Please make an exact copy of the listing, without the pictures.

Data below
........

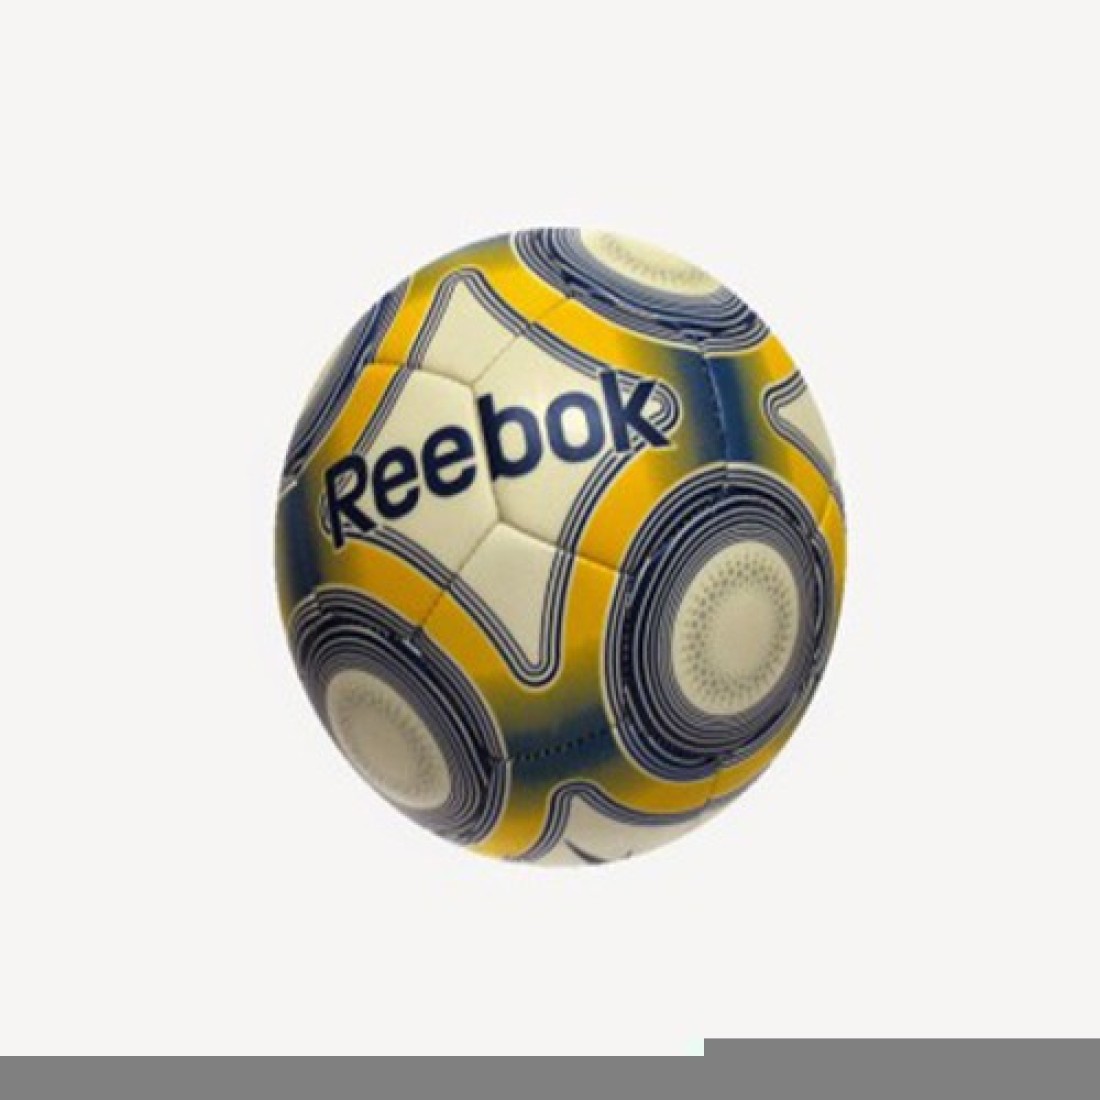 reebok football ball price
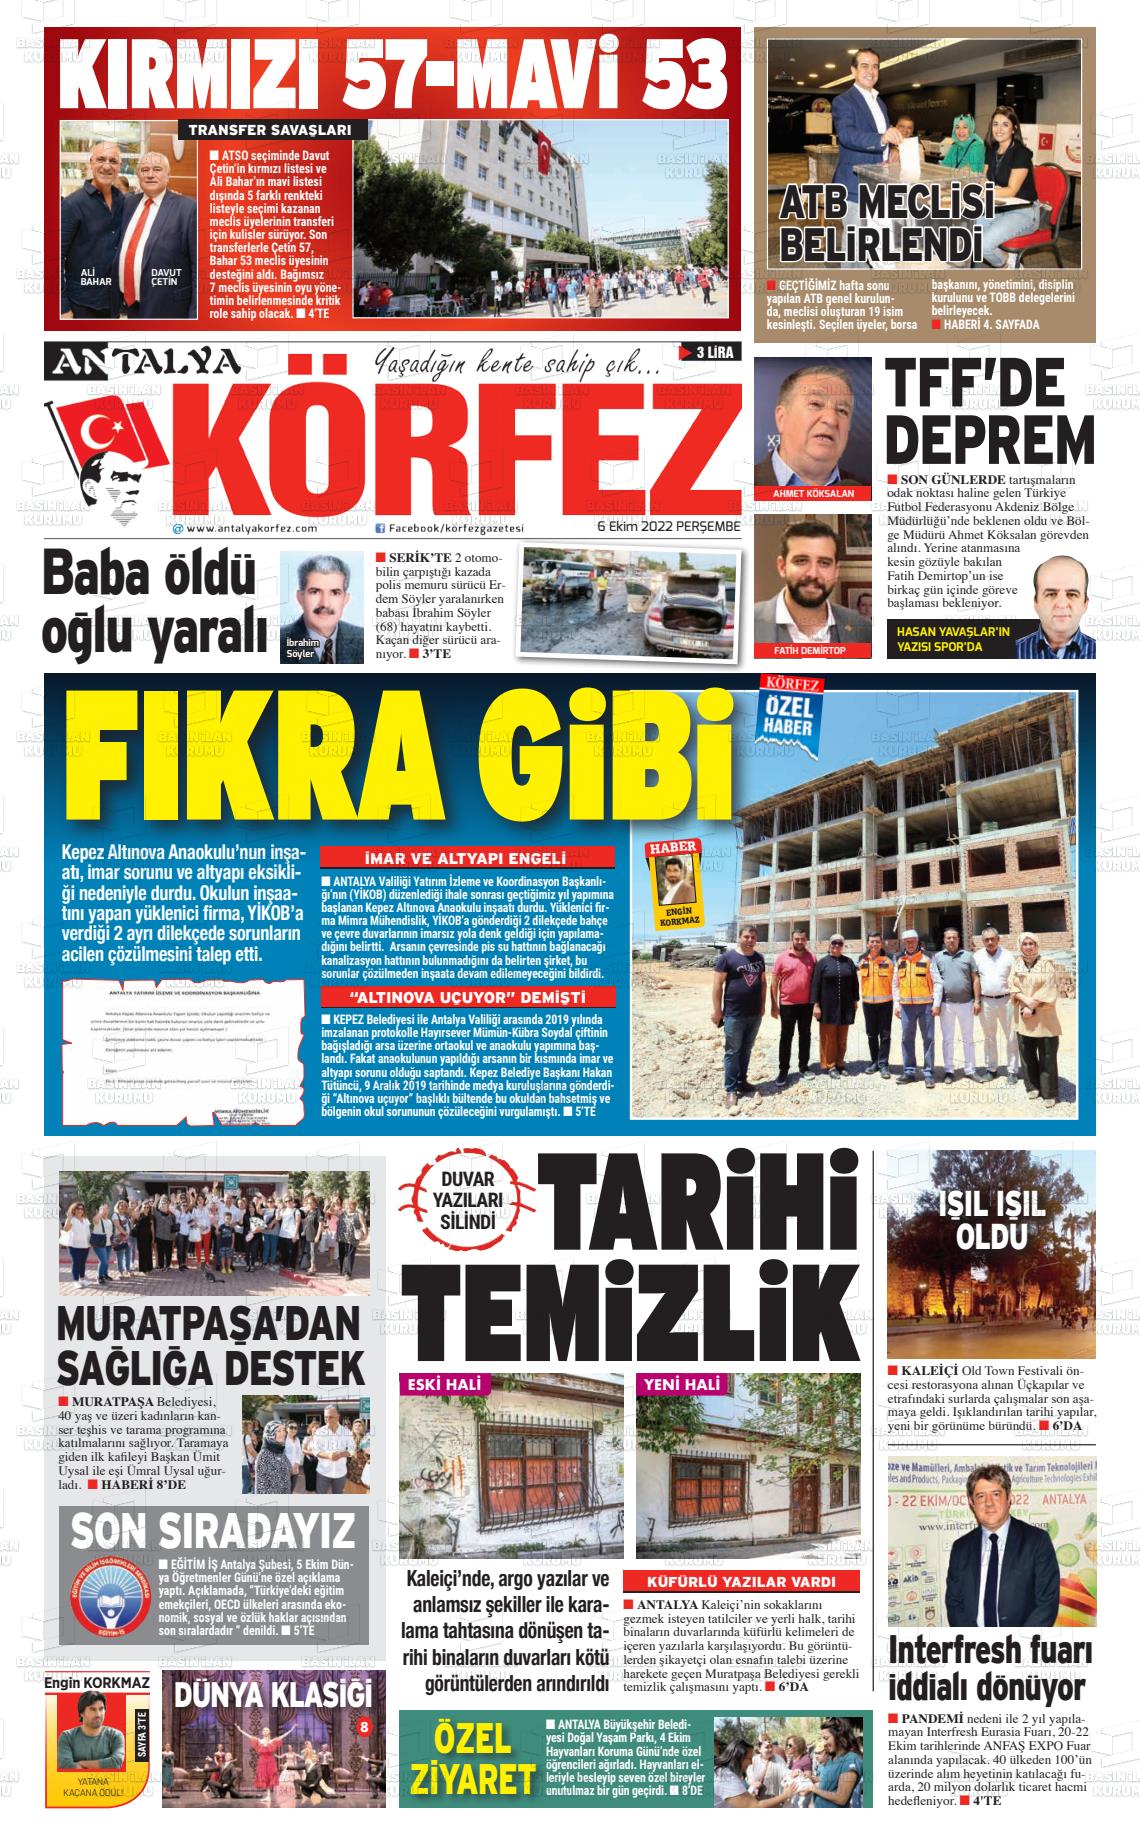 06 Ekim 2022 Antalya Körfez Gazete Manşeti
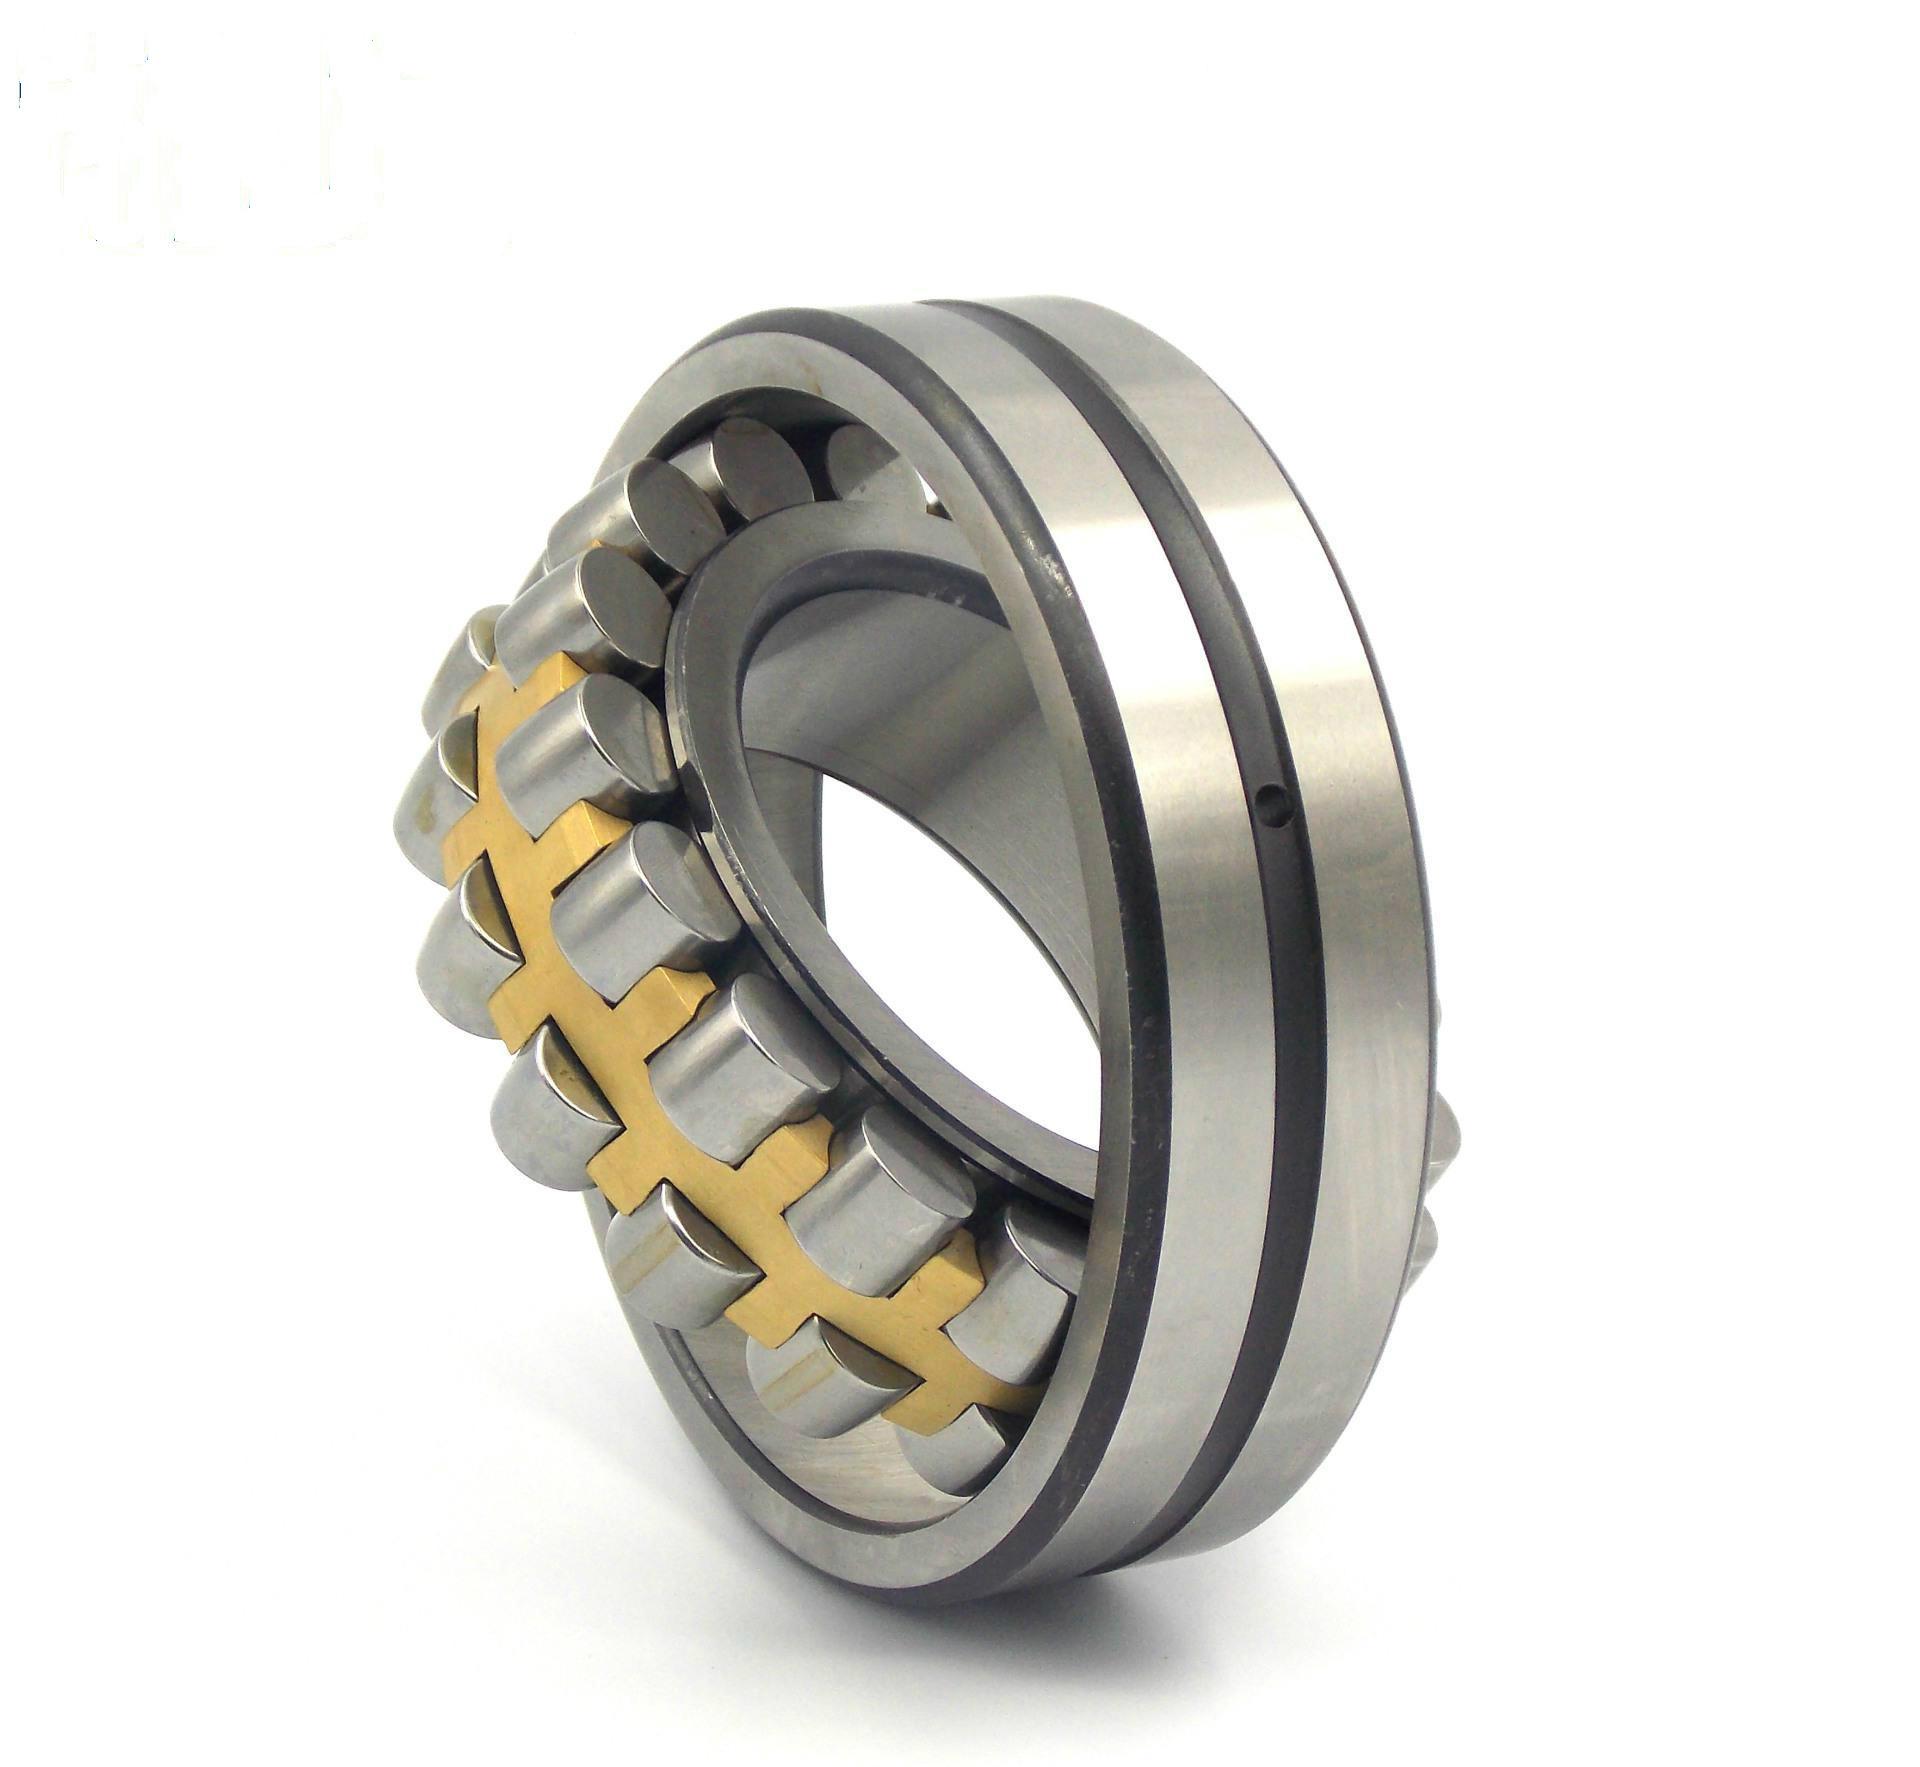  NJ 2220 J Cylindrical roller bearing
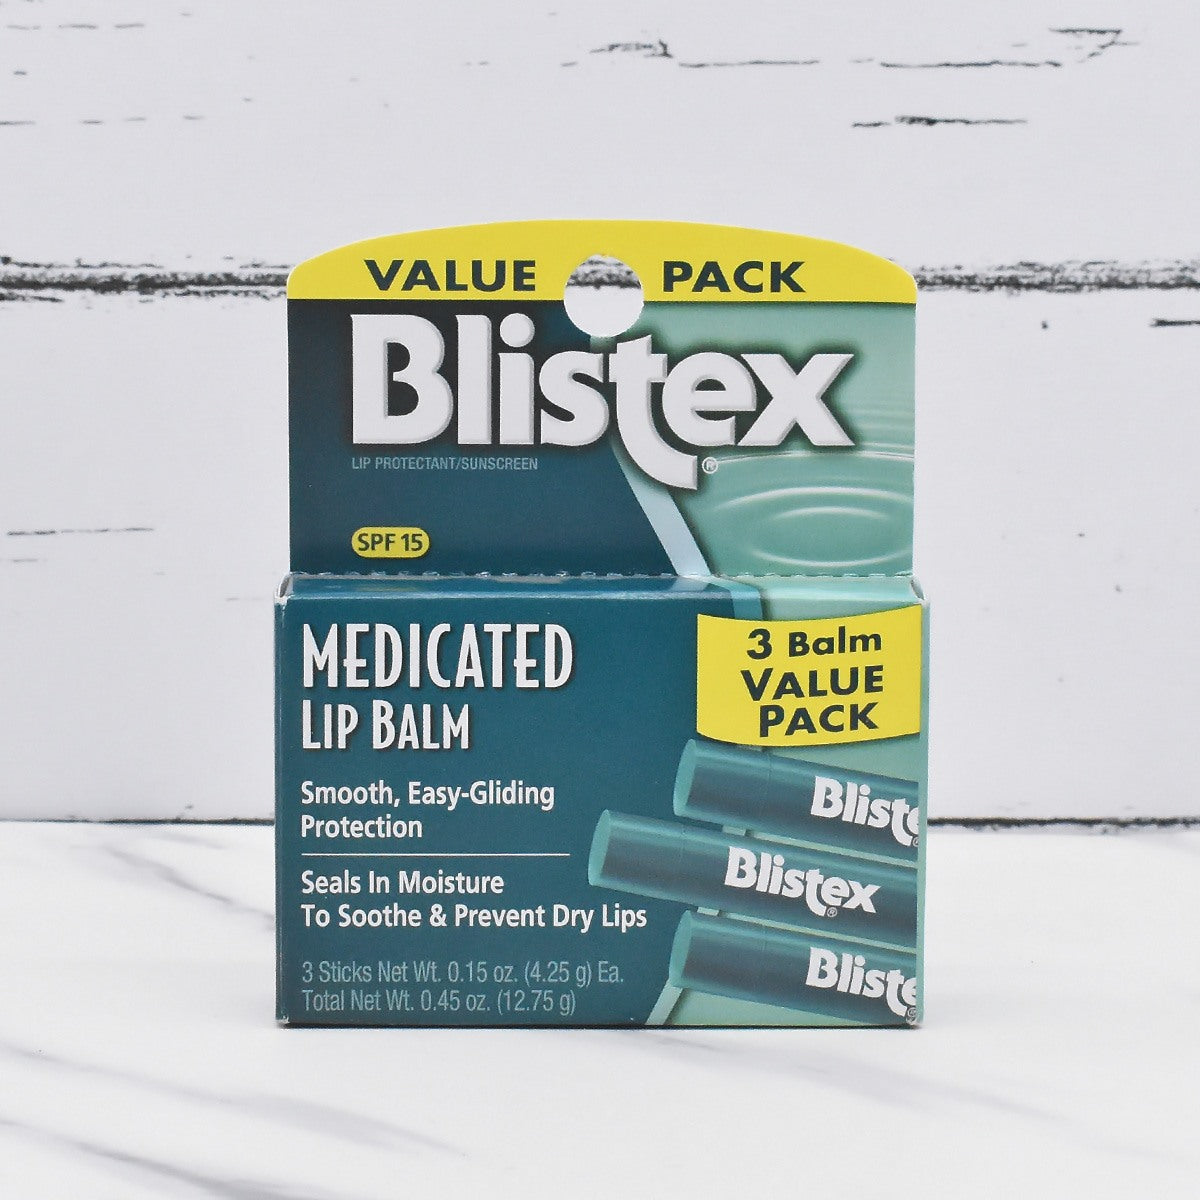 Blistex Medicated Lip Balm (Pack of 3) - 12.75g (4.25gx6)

........

Result for this exercise
 reebok football ball price
 06 Ekim 2022 Antalya Körfez Gazete Manşeti
  NJ 2220 J Cylindrical roller bearing
 Blistex Medicated Lip Balm (Pack of 3) - 12.75g (4.25gx6)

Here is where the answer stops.